DISH Network also had to report Q2 net income also fell a thumping 91 per cent (at $3,64 billion, vs $3.72 billion same period last year). The numbers were badly affected by the record $280 million penalty levied on DISH for unwarranted telemarketing calls.
Bad as the subscriber numbers are, they are an ‘improvement’ on the broadcaster’s Q2/2016 falls, of a net 281,000. Then, it was guesstimated that DISH had actually lost between 315,000-330,000 DTH subs. DISH, like other US and European pay-TV broadcasters, bundles its OTT subscribers (Sling TV) in with its DTH numbers. It is a similar picture at DirecTV, where its DirecTV Now OTT service reported it had 491,000 subs a few weeks ago, but that overall AT&T, its parent company, had lost a total of 199,000 subs during the quarter.
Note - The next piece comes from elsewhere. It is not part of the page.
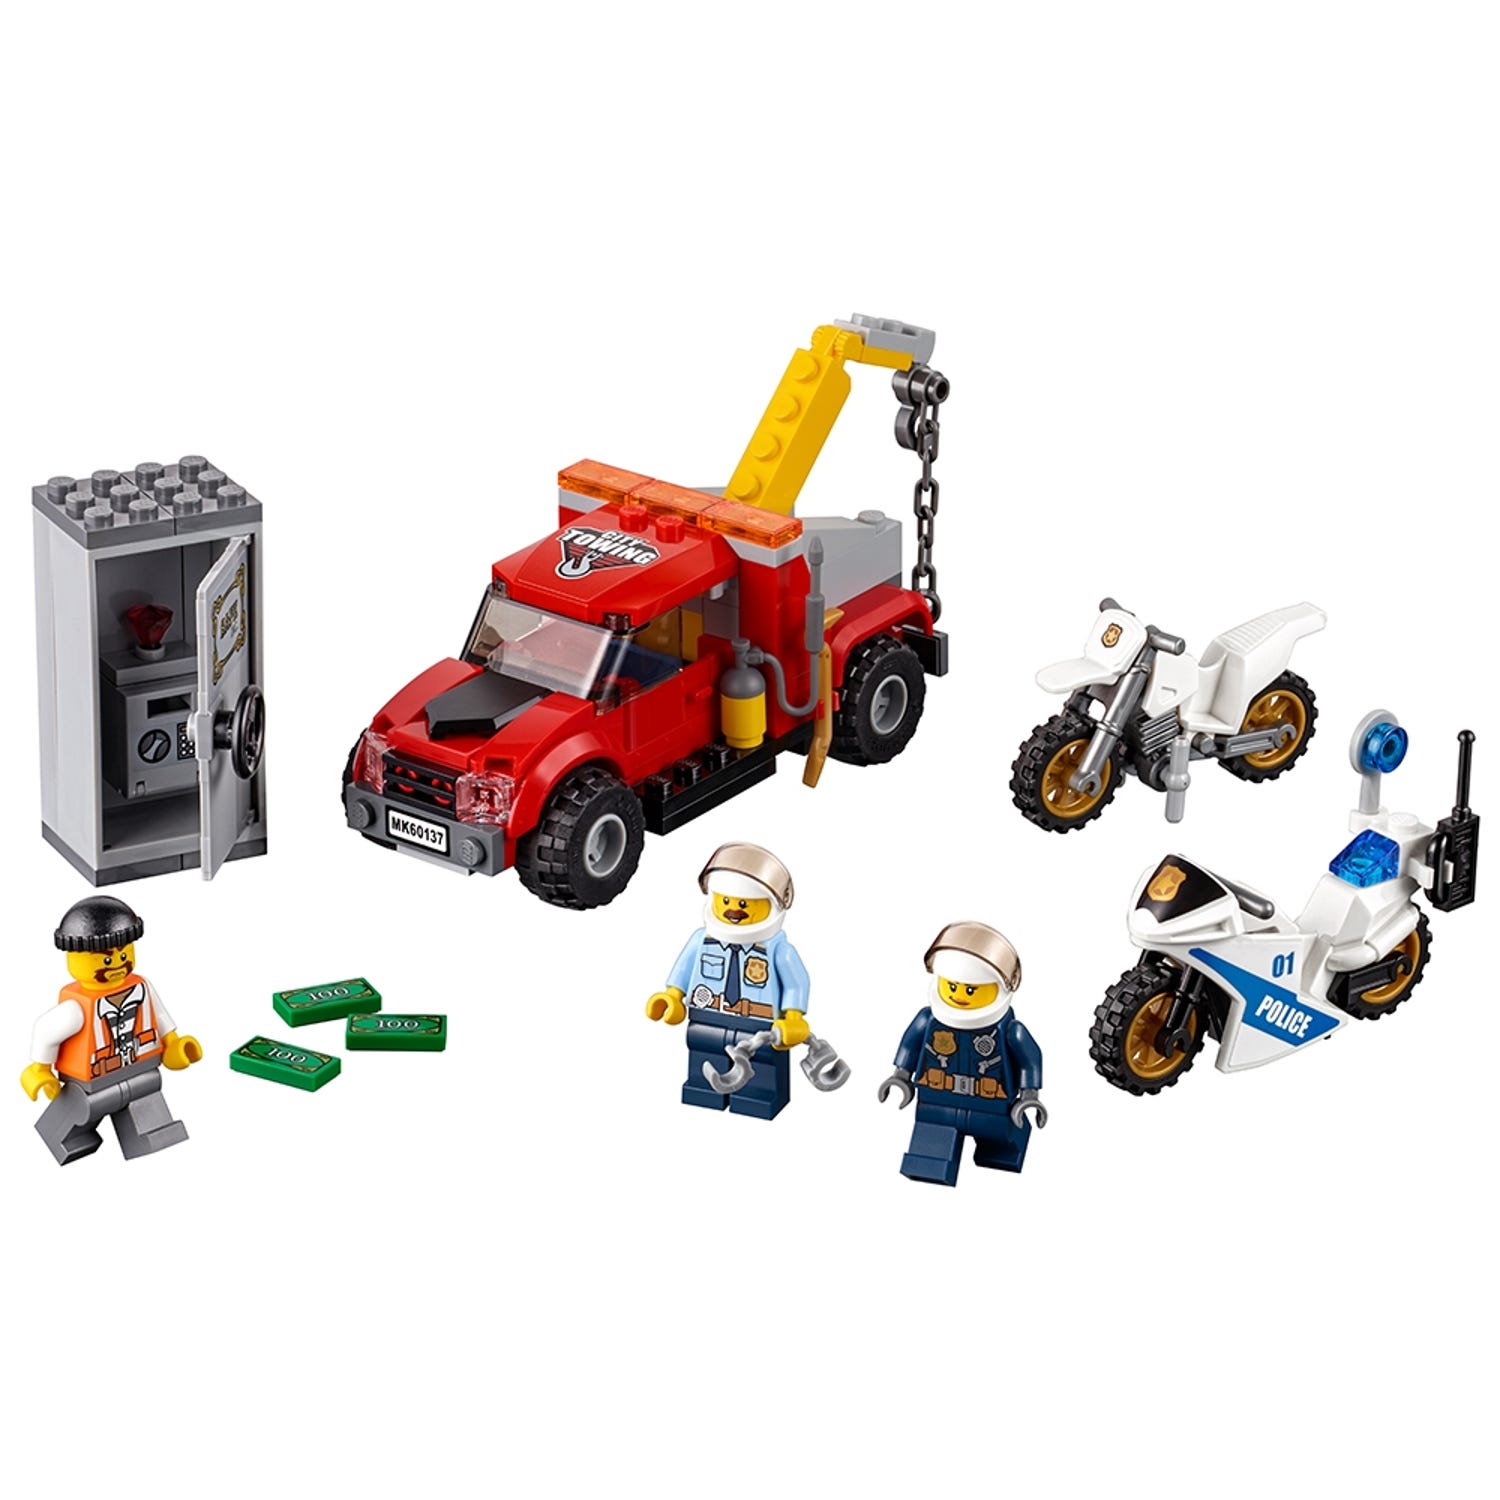 Tow Truck Trouble 60137 | Buy online at the Official LEGO® Shop

In Q2, DISH activated approximately 444,000 gross new pay-TV subscribers, compared to approximately 527,000 gross new pay-TV subscribers in the prior year’s second quarter.
As of June 30th 2017 DISH enjoyed a total (DTH plus Sling) subscriber base of 13.332 million, down from 13.593 million at the same time last year.
Pay-TV ARPU (per month) for Q2 totaled $87.25, compared to the year-ago period’s pay-TV ARPU of $89.98. Pay-TV subscriber churn rate was 1.59 (per month) percent versus 1.96 per cent for second quarter 2016.
For these slight improvements, the market was no doubt grateful. However, one analyst (Craig Moffett, from Moffett Nathanson, was not impressed. His comments were blunt, saying the satellite TV business is shrinking fast. “It is heavily indebted and its bonds trade above par.”
“By our estimate, DISH’s traditional satellite TV business is shrinking at a 9.1 per cent clip. (DISH’s overall reported subscriber numbers are inflated by the inclusion of Sling TV OTT subscribers, but those subscribers have almost no economic value, so let’s ignore them for now.) Its total service revenues are shrinking at 5.5 per cent,” says Moffett.
Moffett reminds investors that DISH’s debt burden is currently some $14.9 billion, and there could be further bad news ahead if DISH is unsuccessful in fighting another batch of illegal telemarketing allegations. DISH has set aside $296 million for these potential penalties, but the impact could be worse notably including penalties that could forbid DISH from accepting new subscribers from “a particular third-party retailer” as a consequence of the litigation.
Moffett, in his 10-page report on DISH concludes that time could be running out for DISH’s core business.